Although there's some highlights after the beginning including one of the most sexually charged chess matches I've ever seen, the film's second half wastes the obvious chemistry between the two leads by meandering around almost as if they ran out of ideas.

Cool and savvy can get you only so far in life, kid.

38. Wuthering Heights (1939)

Between this and the Jane Eyre I saw the year before, I think I can tell the difference between the two books now.

While both deal with ghosts, this one features Heathcliff (Laurence Olivier) planning revenge first against his stepbrother for being cruel to him. And then later on, a family whose wealth lured his stepsister away from him to fall in love with Edgar (David Niven).

Although the romance elements lead to some unanswered, potentially awkward questions, the film works best as a cautionary tale about putting your heart and soul into revenge schemes that drain the love out of you and the things you love.

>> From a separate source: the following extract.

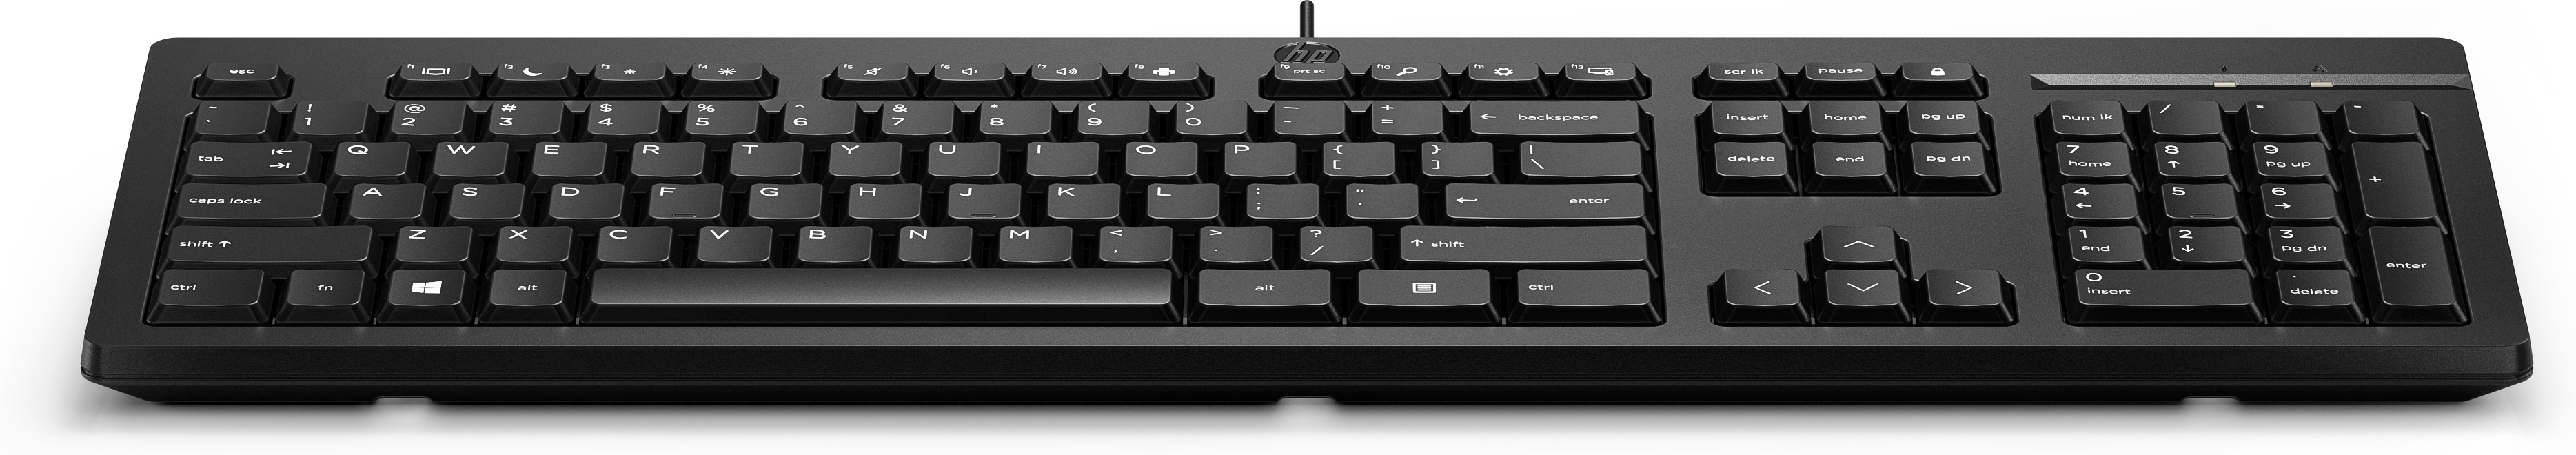 Hp Hp 125 G8 Usb Keyboard Us Int Black (w1) 266c9aa#akd - xep01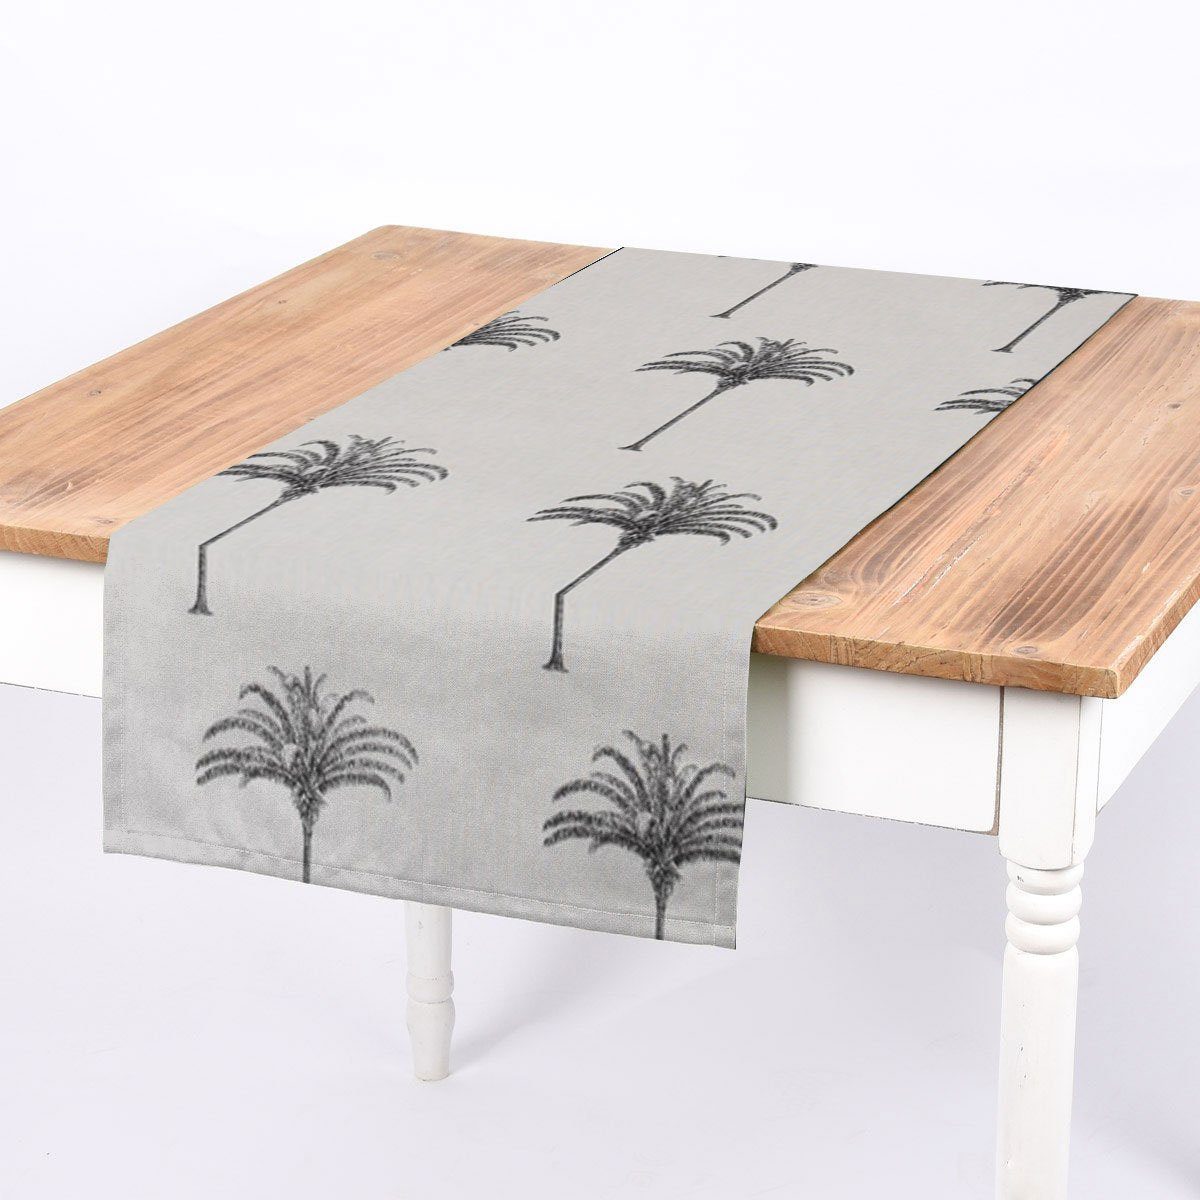 SCHÖNER LEBEN. Tischläufer SCHÖNER LEBEN. Tischläufer Palmen Botanik Tropical ecru schwarz, handmade | Tischläufer

It appears to be a truncated adaptation of a novel that might work best in mini-series form.

It's only the 4th or 5th best film that was a nominee for Best Picture that I've seen for 1939, by the way.

37. Jab We Met (2007)

If you can survive a surprising number of jokes kinda, sorta making light of rape (basically, the girl knows karate and won't let herself become a victim even though the guy insists he isn't interested in that sort of thing), then this could be a Bollywood film you could get into.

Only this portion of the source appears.